For non-recurring or “one-time” services, you should limit the scope very well so as not to fall short of the value or development time. But don’t be inflexible either. The important thing is that you make the rules. And if the client does not agree, you can negotiate exceptions or design a service to suit him. The idea of the service packages is to give the client your “base rates” so that he can be interested in your work and call you for a quote.

6. Develop a memorable personal brand

By creating a personal brand you can communicate who you are and what you can do. This will help you to make people who know you remember when they need your services. How do you present yourself to your potential clients? How do they know you exist? How do you sell your work? Only when you have a strong personal brand can you work on the aspects of marketing that will help you “sell” yourself better.


7. Focus on what you like

Choose a niche market that you like and focus on getting customers from that area. If you like cooking, you can work with chefs or food brands; if you like pets, you can work with animalist or veterinary NGOs; if you like to travel, look for travel agencies, etc. It is much easier to relate to clients you like because you share their values or way of life. In turn, clients will find it less difficult to trust a person with whom they have something in common.
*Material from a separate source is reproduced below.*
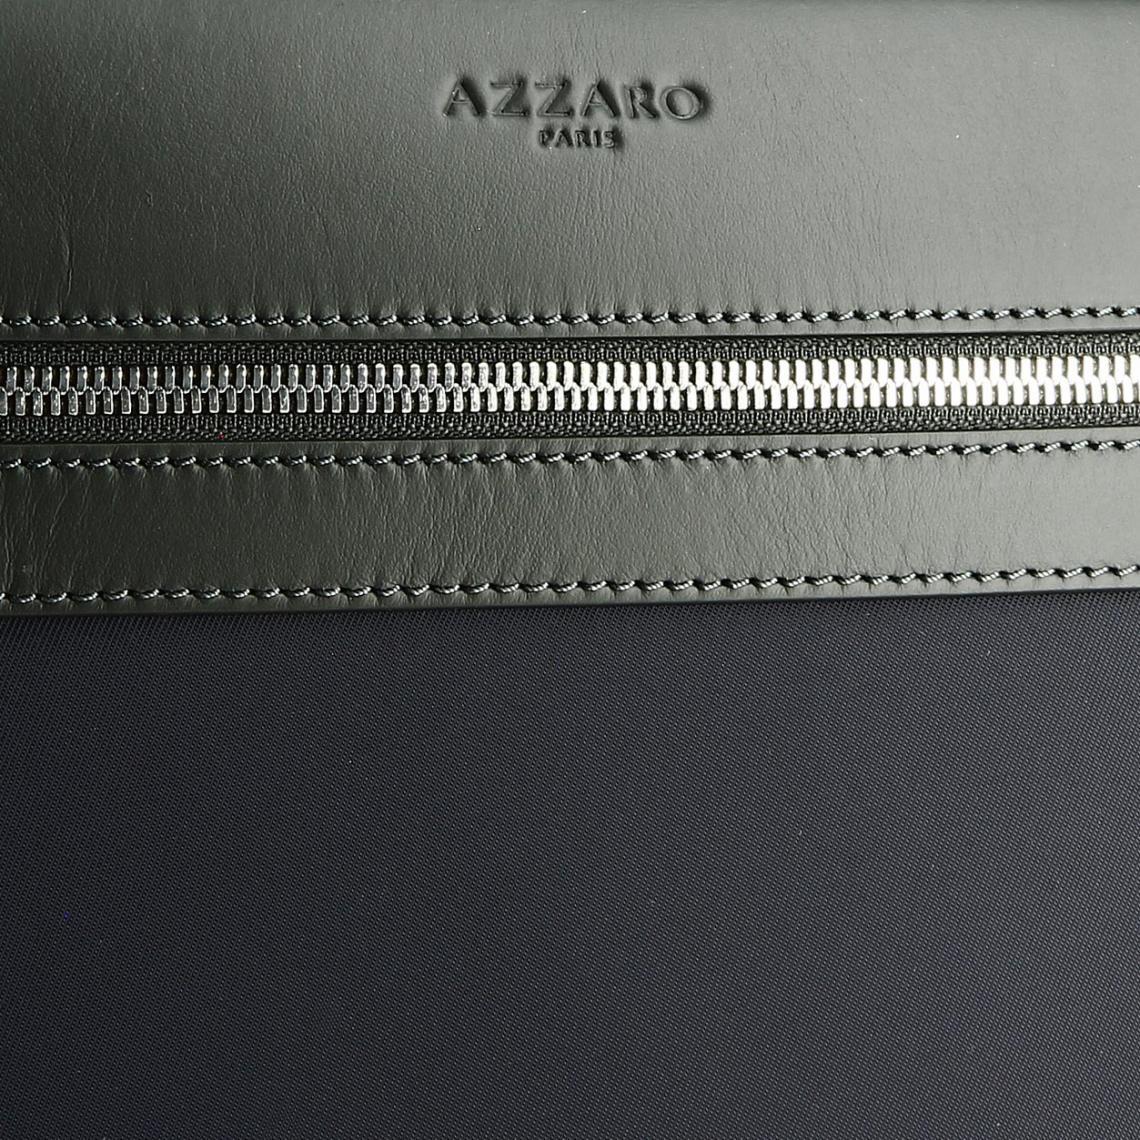 AZZARO maroquinerie

8. Seeking and finding good customers

You have to learn to spot customers who don’t suit you. Develop your sense of smell so that you know in a phone conversation if the person on the other end is a good potential customer, gaining experience. A good method to gain practice is the cold call, which consists of putting together a list of potential customers and calling them.

Tips for quoting by phone

  • Facilitates the quotation process to the maximum
  • Listen to your client to identify the problem he is trying to solve
  • Ask for work deadlines, estimate a delivery date
  • Ask the customer how much he is willing to pay for the service and if he has quoted with someone else
  • It’s not bad to ask if you had problems with your previous suppliers
  • Mention the client’s name while you talk to him, because people are made to pay more attention to their own name
  • Mention something positive and unique about your services so that it stays in the customer’s memory
  • Quote clients from the same field you have worked with
  • Ask and confirm the contact details to send the quote
  • Ask for the time when you can call to find him
  • How to build your own marketing plan

Marketing Yourself

Once you have your personal brand, you must develop a marketing plan. The goal is to map out the experience your potential customer would have when hiring your services. It is very important to think about how we will approach the customer for the first time.

The creation of promotional material for our website is an excellent way to establish ourselves as experts in our niche. As an example, I recommend you to visit this website of the freelance designer Francisco Aguilera. To integrate digital marketing into your advertising plan you can start by creating a blog and a list of subscribers.

I recommend the MadMimi email marketing platform, as it is very friendly and delivers easy to understand reports. You can create corporate videos, design informative brochures of each service, record tutorials on how to quote a certain service or make a computer graphics of your way of working, etc. Don’t think that digital marketing is going to replace the traditional ways of finding clients. Ideally, your first customers will recommend you to their acquaintances, for which you can create an attractive referral plan to stimulate the generation of new customers.

These are just a few tips that I follow in my day-to-day life. However, in the end, everyone has their own way of working. The important thing is that you feel comfortable and do not lose that financial stability that is so important.